Kelli Simpson won first place in the 2021 Poetry Super Highway Poetry Contest. She is a mother and poet living in Norman, Oklahoma who has published poems in Lamplit Underground, Rabid Oak, The Avenue, Ghost City Review, and The River.
The following work is Copyright © 2021, and owned by Kelli Simpson and may not be distributed or reprinted in any form whatsoever without written permission from the author.
Can’t quiet my voices, so I
of disintegrating stars
Lying on my back beneath
I’m a swallow
in its soft, cement underbelly,
and I swallow great gulps of graffiti.
Straight scripture. No
Shakespeare in spray paint.
Colors and colors and
Deanna + Darren
Angele Marquez is a ho
pass it along
The shades unspool
and the words
retool into notes
on my bridge bard’s
soprano and alto,
interior and ulterior,
humming and hymning;
I’m a swallow
swallowing a sparrow
proof of life.
I was here.
Pass it along.
B. J. Buckley
B. J. Buckley won second place in the 2021 Poetry Super Highway Poetry Contest. She has worked in Arts in Schools/Communities programs throughout the west and midwest for over 45 years. She conducts residencies and workshops in schools, libraries, senior centers, homeless shelters, museums, at conferences, with writing groups and book clubs, and with special needs adults and children. Her poems address the stark and dangerous beauty of the west, its animals, plants, weather, geology and geography, as well as the lives of the people who choose it as home.
The following work is Copyright © 2021, and owned by B. J. Buckley and may not be distributed or reprinted in any form whatsoever without written permission from the author.
There was the afternoon we found the half-longhorn
mired in the dregs of a waterhole, just enough
wet left to tempt her too far to get free, mudlocked,
panicked, her eyes closed, so still we thought
she was dead. Then she heard us, she heaved,
earthquake of muscle, the sound of her, screaming,
drooling, her eyes exploding planets. No one spoke.
We could get us killed, her horns like rapiers.
Swede threw a dally, let his rope float like spider silk,
he got her first try, backed his horse. Then Darl.
Then Clay. I was in the pickup, we could dally
to the hitch if the horses failed, I could haul ass
for help if . . . Well, if. Those horses. My god, those
horses, they came abreast and leaned and pulled
back every time the cow heaved, and it was music.
Even the awful suck when she came loose
was music. They walked her up a ways and let her
stand. She could fall down dead. Her thundering
machine of a heart. We didn’t know how long she’d
struggled, how long without water. Long. If something
inside her was broken.

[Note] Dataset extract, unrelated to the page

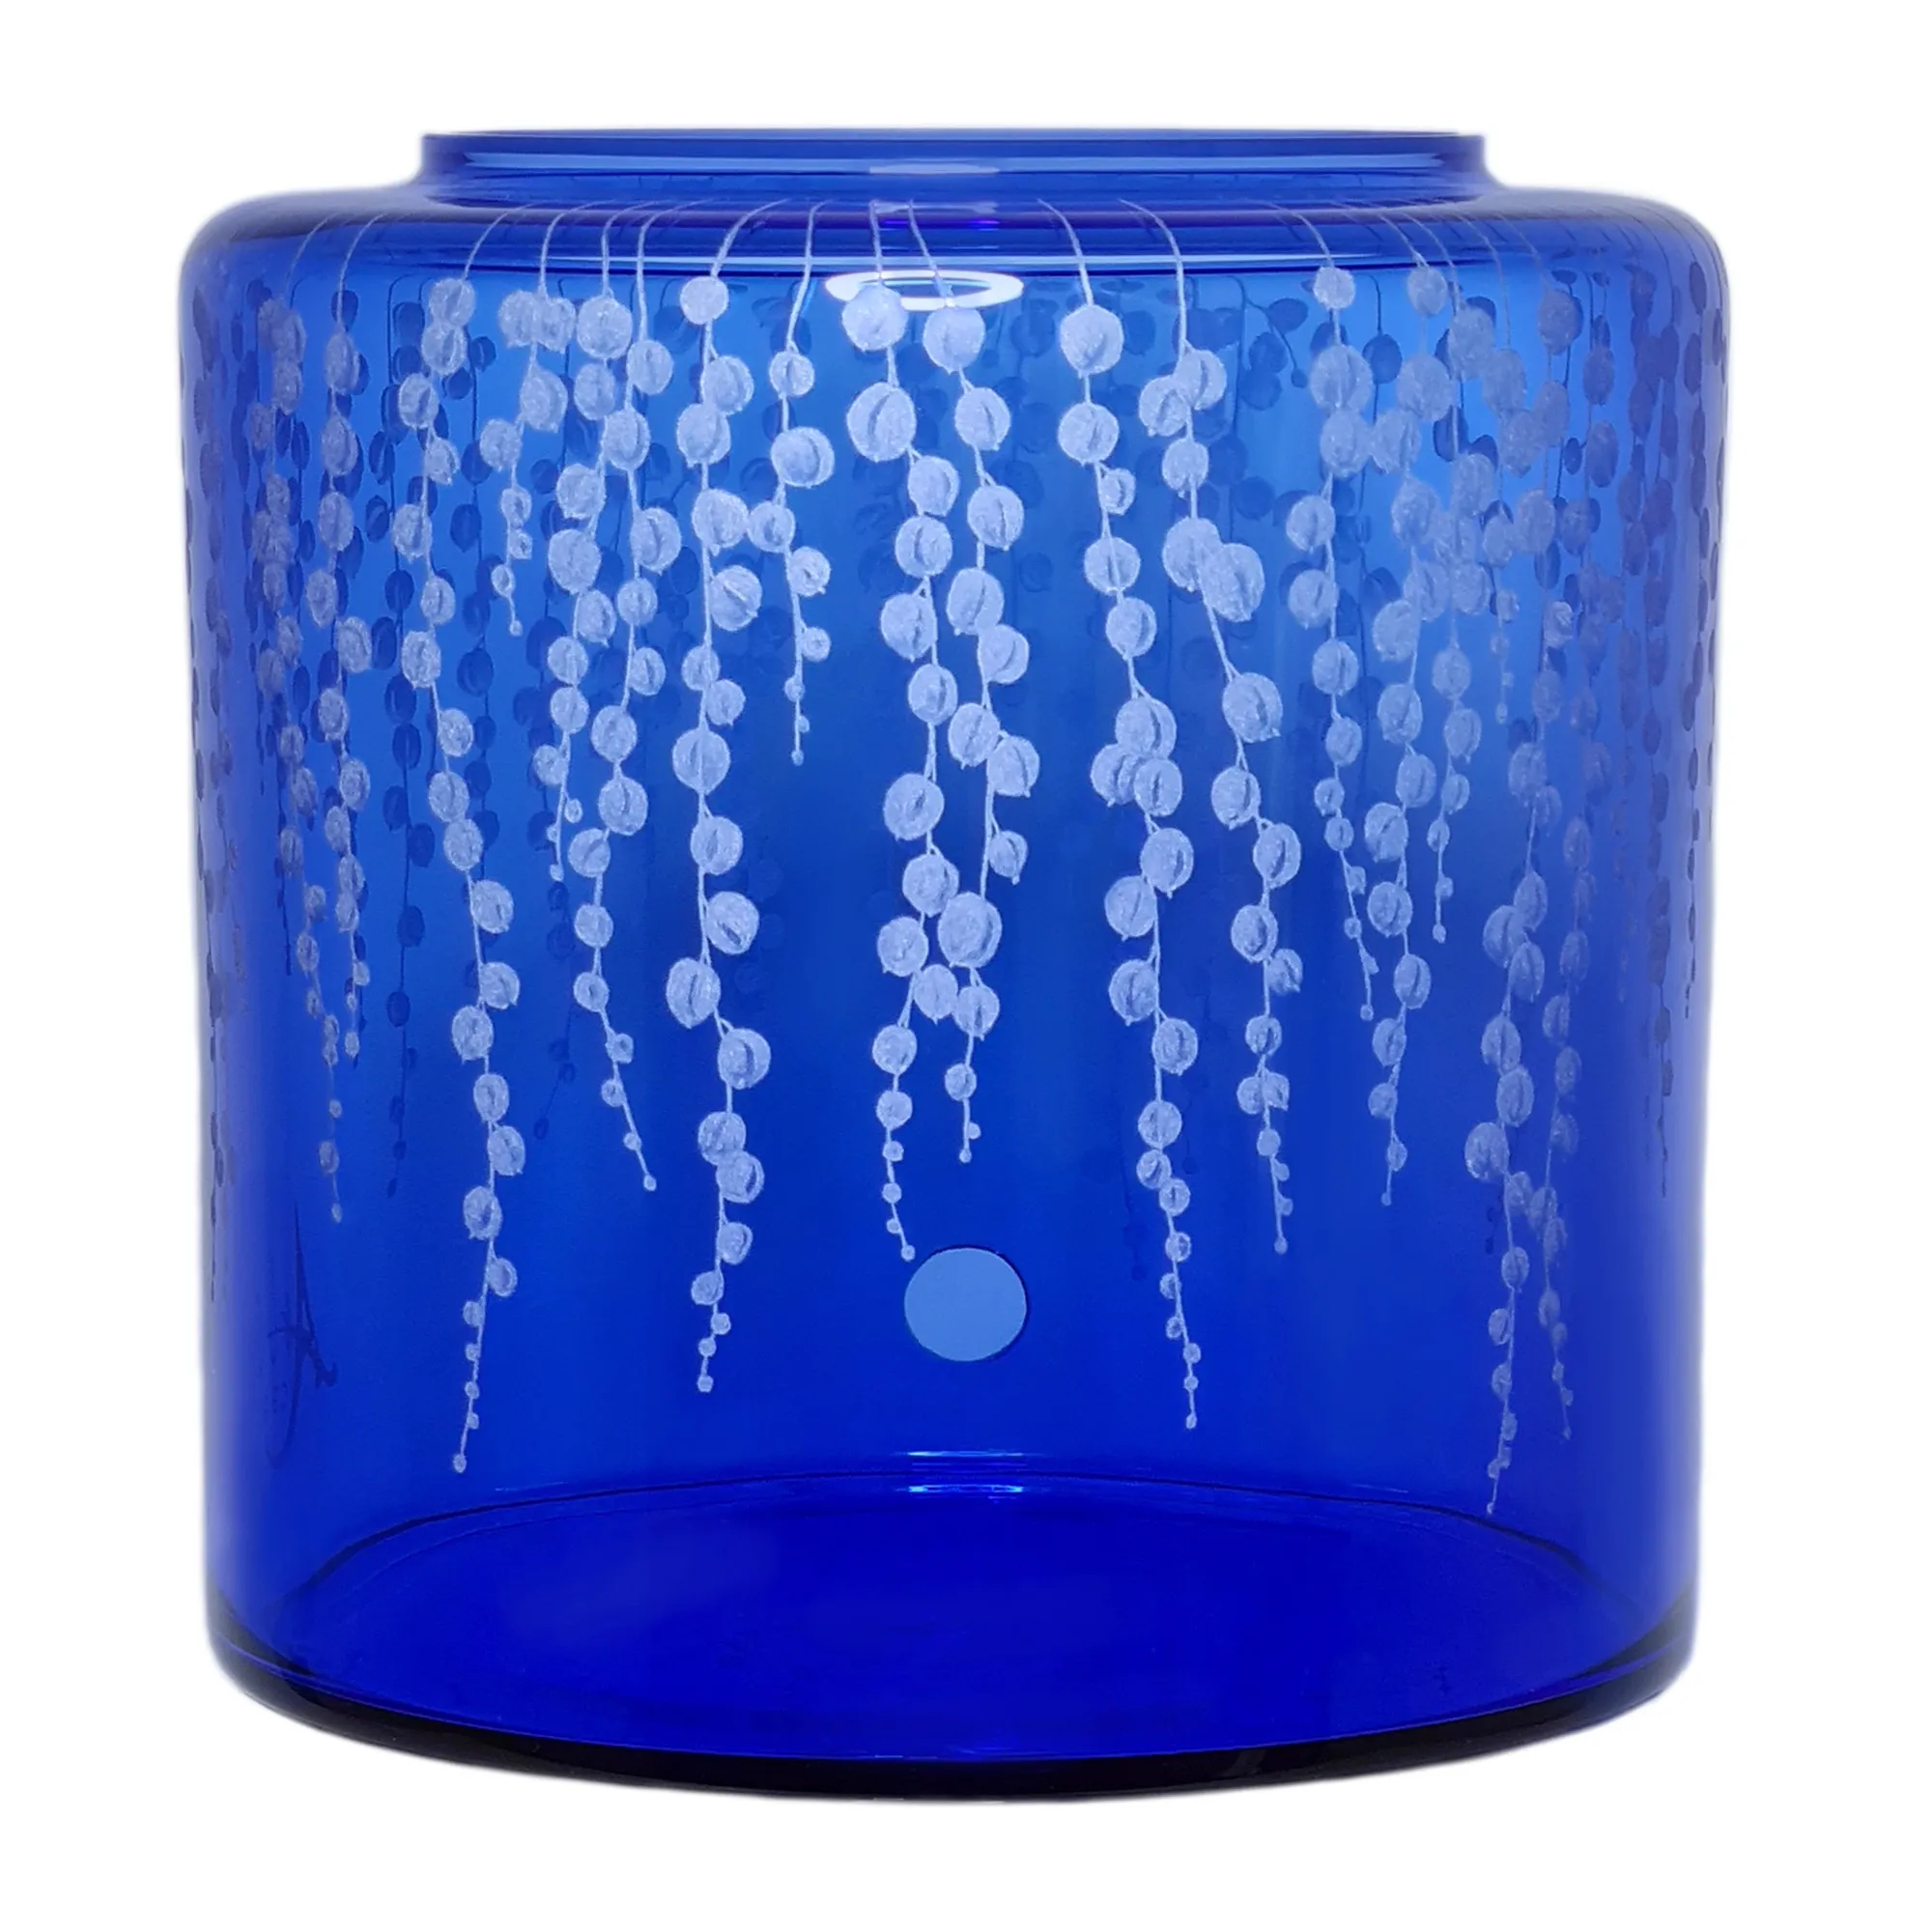 Vorratstank für einen Acala Wasserfilter Mini mit einer Handgravur. Die Gravur zeigt, auf blauem Glas, senecio-rowleyanus, eine Pflanze mit Blättern, die wie Erbsen ausschauen.Ansicht von hinten.

The horses, foam sweat all over
their bodies, letting the ropes go slack.
Mary Beth Hines
Mary Beth Hines won third place in the 2021. She is formerly a project manager who writes poetry and short fiction and non-fiction from her home in Massachusetts. Her work has been published, or is forthcoming, in journals such as Crab Orchard Review, The Galway Review, Gyroscope Review, The Lake, Literary Mama, and Sky Island Journal, among others.
The following work is Copyright © 2021, and owned by Mary Beth Hines and may not be distributed or reprinted in any form whatsoever without written permission from the author.
On the fourth straight day of rain I begin
to contemplate Noah’s wife, her life, married
to a six-hundred-year-old stiff-necked man,
young-old mother of three grown sons, survivors.
And every gray morning thereafter the whole
of that summer, I woke and imagined her climbing
up a rickety ladder to the wet deck, fog-thick air,
for breath, and the brackish choice evening-after-evening—
cacophony of kidnapped swine and jays or whitecaps
and thunderheads—the water winning every time.
Selfish for a few spare minutes—a glimpse of cloud-
filtered moon, dome of imagined stars—she cobbled
a brief daily escape from the menagerie of couples
sniffing and mewling, braying and copulating
to save the world from a righteous god’s wrath while she
cloaked her doubts in words, prayed as best she could
under the circumstances, her losses accumulating
like those of my friend who, that same summer,
lost her son to a deluge of modern afflictions—dizzy
celebration, sink into wormhole, giddy party gone wrong.
Every evening through that sluicing, swelling season,
I listened for the wife’s dazed voice amidst the hush
of drizzle, rush of storm—attuned to how light
and sound carry across space, through time; heard her ask
beseechingly, quietly, for one good thing or another:
a daughter, a couple of peaceful years, a name of her own
to recall, suddenly, upon waking from a bad dream,
a name she might bequeath, one sweet on the tongue,
begging to be belted out in bass, in those low,
languid notes that reverberate long after a song is over.